Novelix Pharmaceuticals reports 100,000‑share acquisition by Gattu Gnana Prakash group via warrant conversion
On 13 July 2026 the company disclosed that Gattu Gnana Prakash, Arati Gattu and Neha Gattu received 100,000 equity shares after converting preferential‑allotment warrants issued on 9 July 2026.
What Novelix Pharmaceuticals announced
Novelix Pharmaceuticals Ltd filed a Regulation 29(2) disclosure with BSE on 13 July 2026, informing the exchange that three individuals – Gattu Gnana Prakash, Arati Gattu and Neha Gattu – were allotted a total of 100,000 equity shares on 9 July 2026. The shares were issued as a conversion of warrants that had previously been allotted on a preferential‑allotment basis.
The company’s whole‑time director, Venkateshwarlu, signed the filing, confirming that the transaction complies with SEBI’s Substantial Acquisition of Shares & Takeovers (SAST) Regulations, 2011.
Details of the acquisition
- Acquirers: Gattu Gnana Prakash, Arati Gattu and Neha Gattu (acting in concert).
- Instrument: Conversion of warrants into equity shares; the warrants were originally issued through a preferential allotment.
- Date of allotment: 9 July 2026.
- Number of shares acquired: 100,000 equity shares of Rs 10 each.
- Mode of acquisition: Conversion of warrants, not a market purchase.
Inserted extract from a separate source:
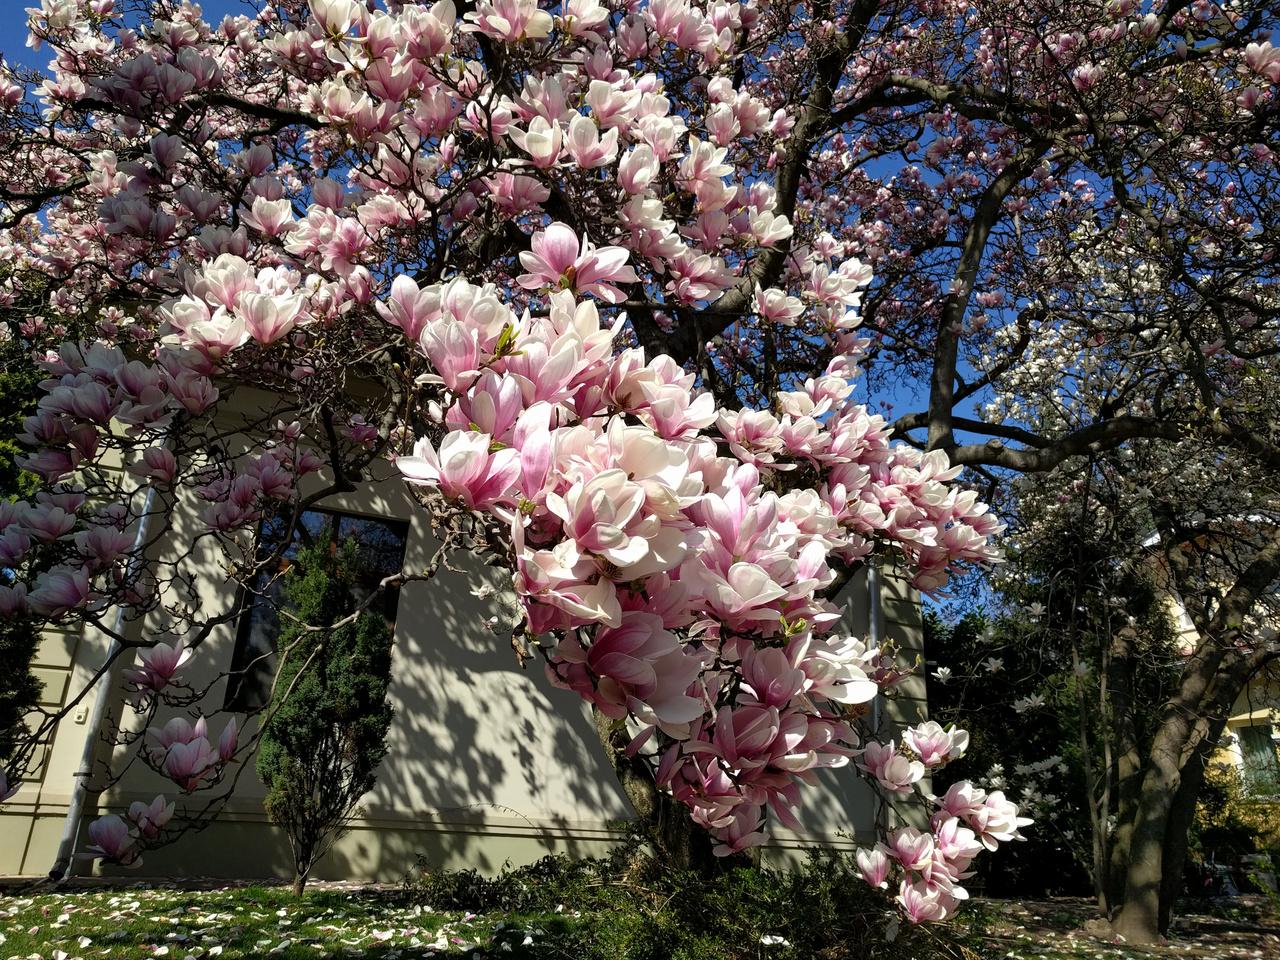 Több mint kétszáz fajuk van, de városnéző turistaként elég ha annyit jegyzünk meg, hogy hú ez milyen szép rózsaszín...

- Post‑acquisition holding: After conversion, the three acquirers together hold 4.00 million voting shares, which is 1.67 % of the total diluted share capital.
- Share capital impact:
- Before acquisition: Equity share capital of Rs 238.95 million (23.895 million shares).
- After acquisition: Diluted share capital of Rs 284.70 million (28.470 million shares), reflecting the addition of the converted shares and the underlying warrants.
Key facts at a glance
| Detail | Value |
|---|---|
| Company | Novelix Pharmaceuticals Ltd |
| BSE Code | 536565 |
| Filing date | 13 July 2026 |
| Acquirers (PAC) | Gattu Gnana Prakash, Arati Gattu, Neha Gattu |
| Shares acquired | 100,000 equity shares |
| Post‑acquisition diluted capital | 28.47 million shares (Rs 28.47 cr) |
| Holding of acquirers after conversion | 4.00 million shares (1.67 % of diluted capital) |
| Mode of acquisition | Conversion of warrants issued on preferential‑allotment basis |
| Source | Regulation 29(2) filing, BSE (13 July 2026) |
Why this matters for investors
The disclosure satisfies SEBI’s requirement to notify the market when a party acquires a material stake in a listed company. Although the 100,000‑share conversion represents a modest 1.67 % of the diluted capital, it signals that the promoter‑related group is exercising rights attached to previously issued warrants. The increase in diluted share capital from 23.895 million to 28.470 million shares marginally dilutes existing shareholders, but the impact is limited given the small percentage held by the acquirers.
Investors should note that the transaction does not involve any cash consideration or open‑market purchase; it is a mechanical conversion of existing securities. Consequently, there is no immediate change in the company’s cash position or debt profile. The filing also confirms that the conversion complies with the SAST regulations, meaning no further regulatory approvals are pending for this specific share‑holding change.
Conclusion
Novelix Pharmaceuticals has recorded the conversion of preferential‑allotment warrants into 100,000 equity shares for the Gattu family, raising the diluted share capital to 28.47 million shares. The acquirers now hold 1.67 % of the voting capital. The filing fulfills SEBI’s disclosure obligations, and no additional approvals appear to be required for this transaction.